Secure hybrid multicloud
The future is hybrid. A modern data strategy must no longer be one-dimensional. Not on-premises or cloud or multicloud, but a seamless connection between them.
Organizations must have a platform that is scalable, adaptable, and flexible: scalable to properly store and process large amounts of data and diagnose vulnerabilities before they become a security vulnerability; adaptable to quickly build machine learning (ML) models on new data sources; and flexible to allow data and workloads to move freely to optimize cost, performance and security.
A hybrid model allows high-value, highly sensitive data to remain on-premises while leveraging the elastic, cost-effective properties of multicloud to manage less sensitive information. When developing a hybrid model, ensure your platform can enforce consistent security and governance policies throughout the lifecycle of data, regardless of where it resides, moves, or what it is used for.
Integrated data security and governance
In order for data to be used responsibly and effectively, it must be consistently secured and managed. If you don’t have confidence in any of these basic elements, you cannot have confidence in sharing the information either. From the start of their digital transformation, organizations need to invest in a data solution that has built-in security and governance capabilities. It’s extremely difficult – and expensive – to go back to a third-party solution later.
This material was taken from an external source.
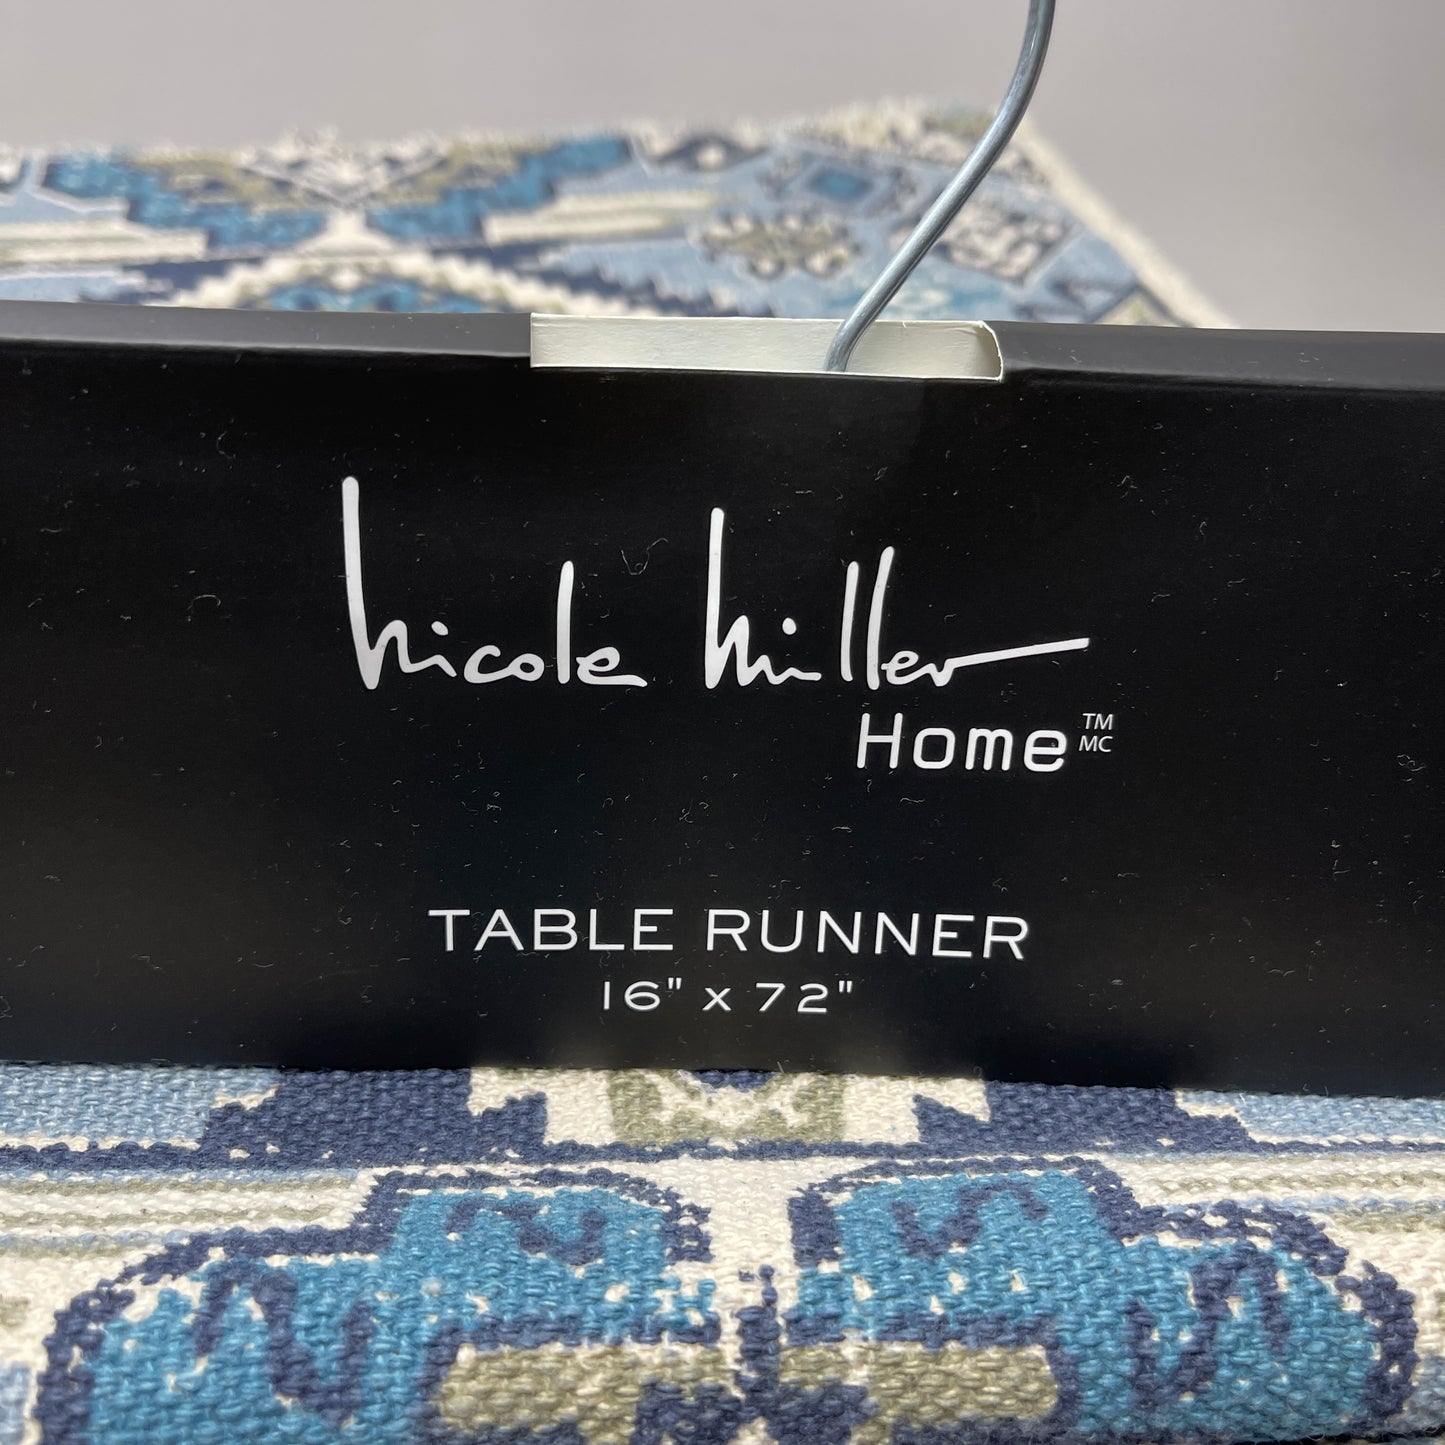 NICOLE MILLER HOME Table Runner 16" x 72" Blue Aztec Pattern 502524 (New)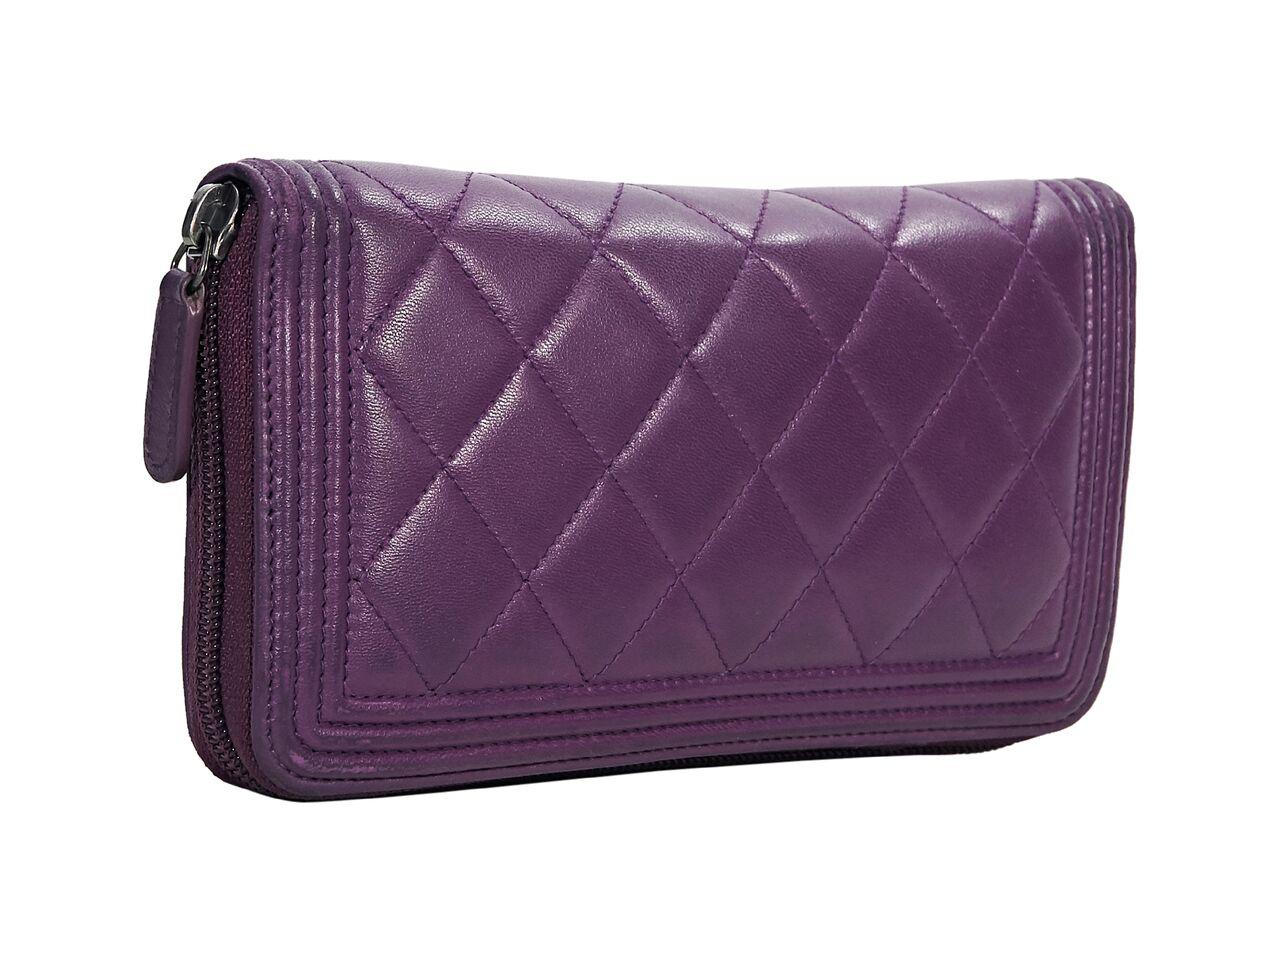 Product details:  Purple quilted leather Boy wallet by Chanel.  Zip-around closure.  Leather lined interior with multiple inner credit card slots and center zip coin pouch.  Antiqued silvertone hardware.  Dust bag included.  8

The stakes are even higher for organizations operating in tightly controlled environments with varying sovereignty regimes and international, state, federal, industry-specific, or internally mandated standards and regulations. All must be built on security and governance, not the other way around.
Secure and manage real-time data
While point solution providers can manage a few petabytes of data, in the enterprise world, a single customer’s data can exceed that amount. Additionally, much of it is unstructured data on the move, streaming in from the edge through billions of devices, sensors, and a myriad of other applications. This presents organizations and executives alike with an immense security challenge.
Therefore, a key component of any cyber threat detection and response strategy is the ability to ingest and track real-time data at scale. Understanding his origin or record is crucial – what is his lineage? Did it arrive safely? Has the pipeline been tampered with? What happened to it when it arrived? If a data platform provider is unable to manage and protect streaming data at scale, companies will likely find the pictorial barn door shut after the horses have already been stolen.
Cybersecurity in 2023 and beyond
Data security has never been more complex or complicated, and a tense geopolitical climate has only escalated the threats. Security vulnerabilities have grown exponentially, fueled by new remote working strategies and global stressors such as inflation, food shortages, rising unemployment and a looming recession.
With new innovations such as Metaverse, cryptocurrency and DeFi, 5G and quantum computing still in their infancy, the cyber battle lines that corporations and bad actors are attacking are constantly being redrawn. Although there has been a greater focus on security across industries and many organizations are taking significant steps to mitigate their exposure, we are still caught in an endless game of cat and mouse. With every step we take to become better, smarter, and safer, bad actors mirror our footprints, often endowed with the same determination, ingenuity, and technological capability.
For organizations to truly put data first, they must prioritize security and governance as the cornerstone of any data management strategy. If they don’t, they might let the foxes into the chicken coop – and not even realize it.
Carolyn Duby is Field CTO and Cybersecurity Lead at Cloudera.